= Operation Thunderstorm =

1975 Singaporean effort against South Vietnamese refugees

Operation Thunderstorm was the codename for the Singapore Armed Forces's operation to contain refugees fleeing South Vietnam following the fall of Saigon in 1975. The operation was oversaw by Wong Kan Seng.

==Background==
Following the fall of Saigon on 30 April 1975, large numbers of South Vietnamese begun to flee Vietnam for fear of persecution, heralding the arrival of the Vietnamese boat people.

On 2 May 1975, the first wave of 300 refugees arrived in Singapore waters on board the vessel Truong Hai. A total of up to 8,355 refugees was believed to have entered Singapore waters during this period until 14 May 1975.

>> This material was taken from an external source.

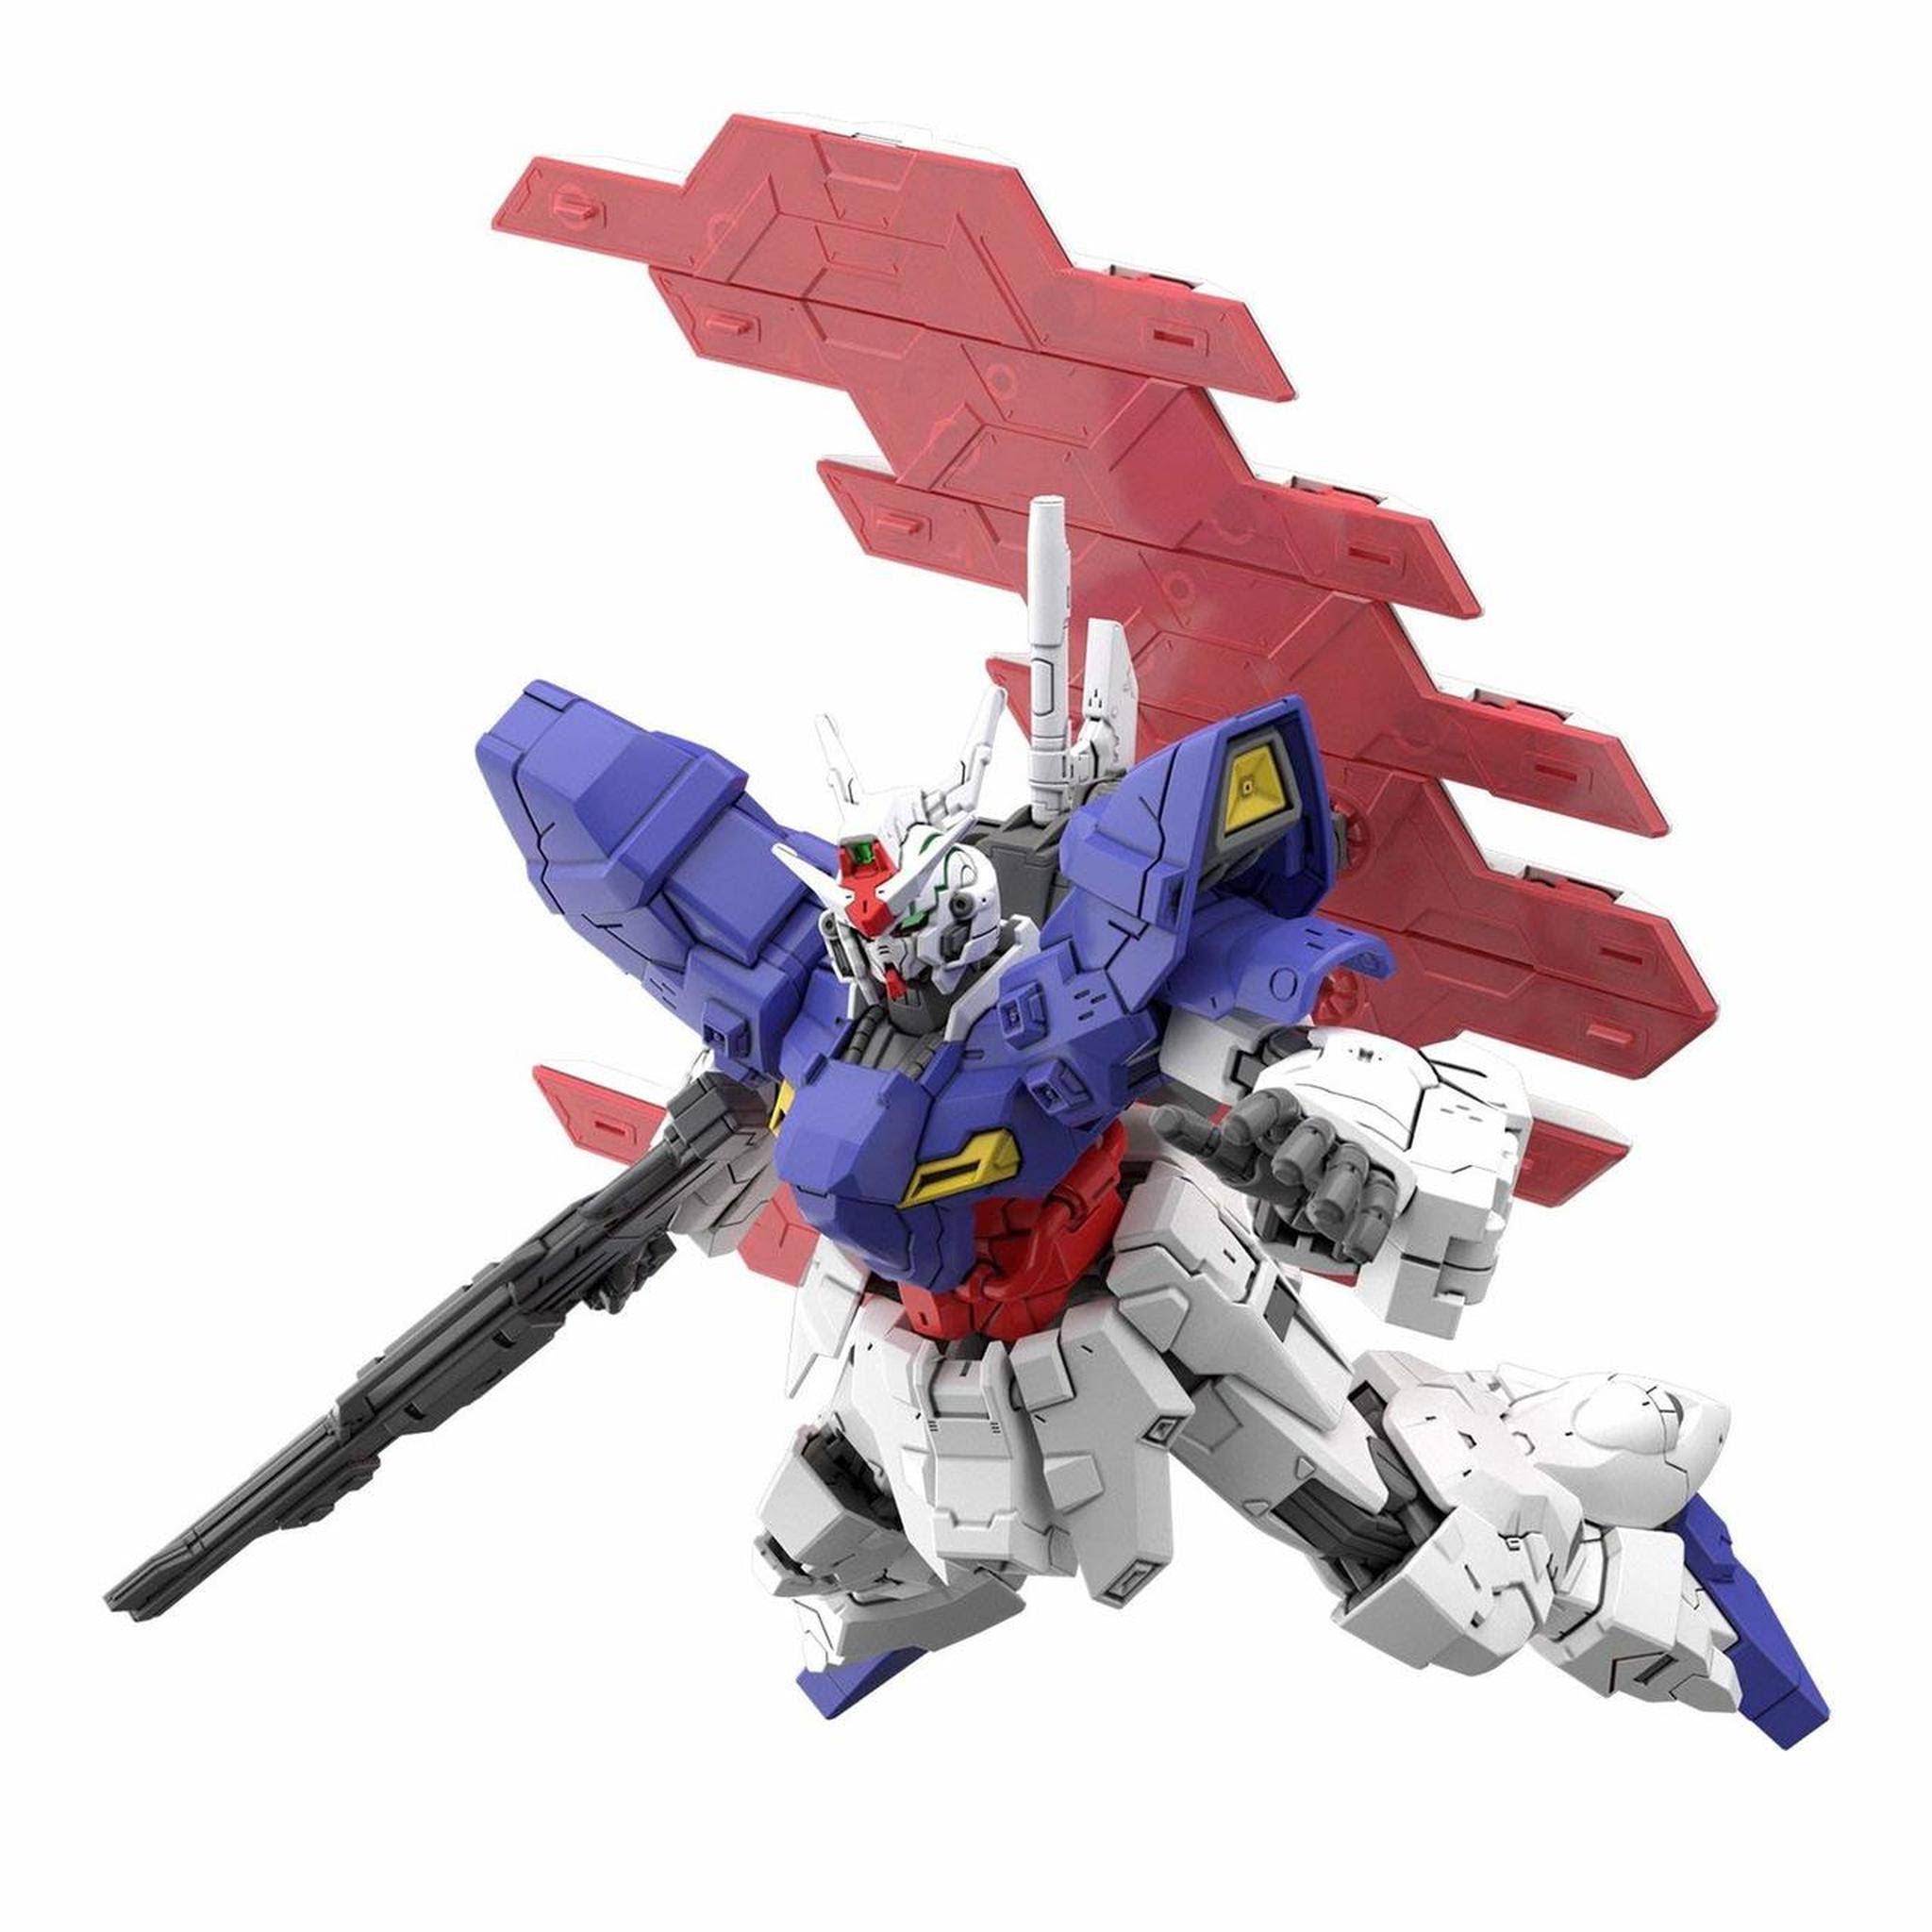 Bandai Moon Gundam Model Kit - 1/144 Scale
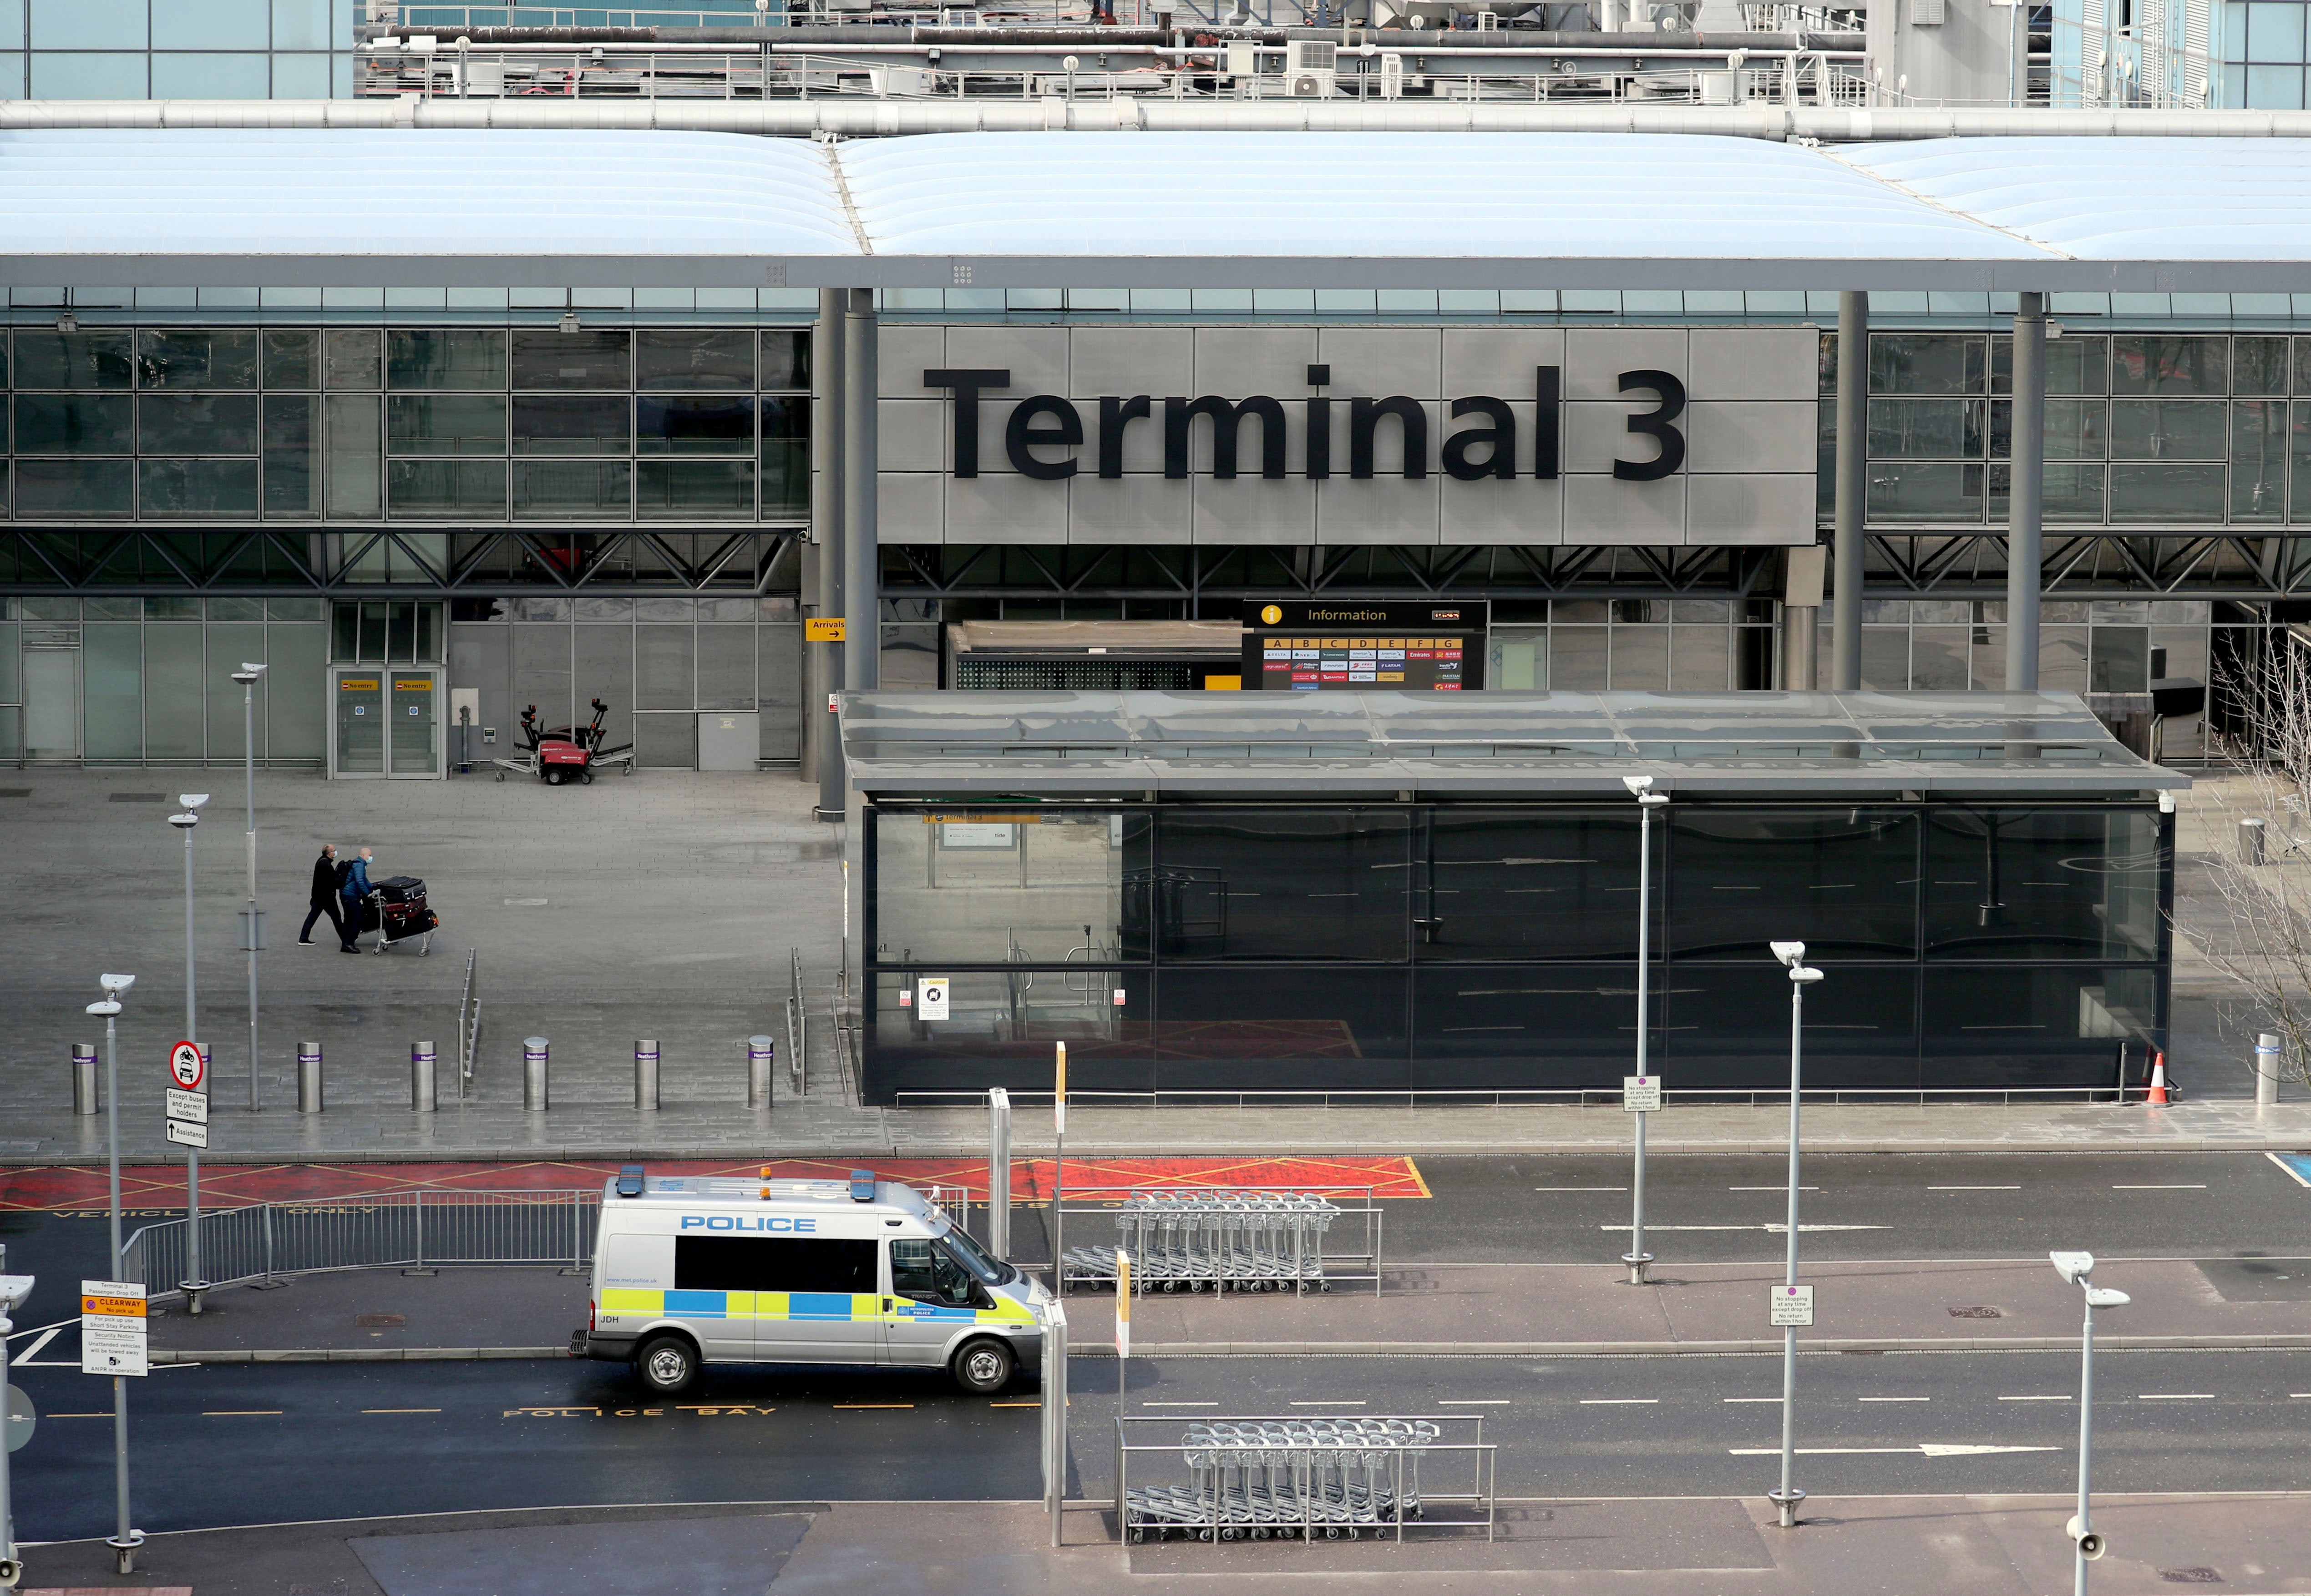 Terminal 3 at Heathrow Airport

During this period, Operation Thunderstorm was activated by MINDEF, making Singapore one of the first countries to stop refugees from entering its coastlines. The operation involved the Republic of Singapore Air Force, Republic of Singapore Navy, Singapore Army and the then-Marine Police (now the Police Coast Guard) as well as various government authorities and agencies.

==Objectives==
The primary objective of the operation was to contain, quarantine and prevent refugees from entering and staying in Singapore.

==Execution==
The Republic of Singapore Navy and the Police Coast Guard was tasked to intercept and detain all Singapore bound refugee boats. Quarantine areas were set up along the beaches of Marine Parade and a SAF Field Hospital was deployed to Bedok Jetty to provide first aid and other essential medical services.

The Navy sent its technicians and engineers to inspect and repair the refugee boats. Food, water, fuel oil and other provisions were given in order to ensure the departure of the vessels. A number of weapons were also confiscated from the refugee boats.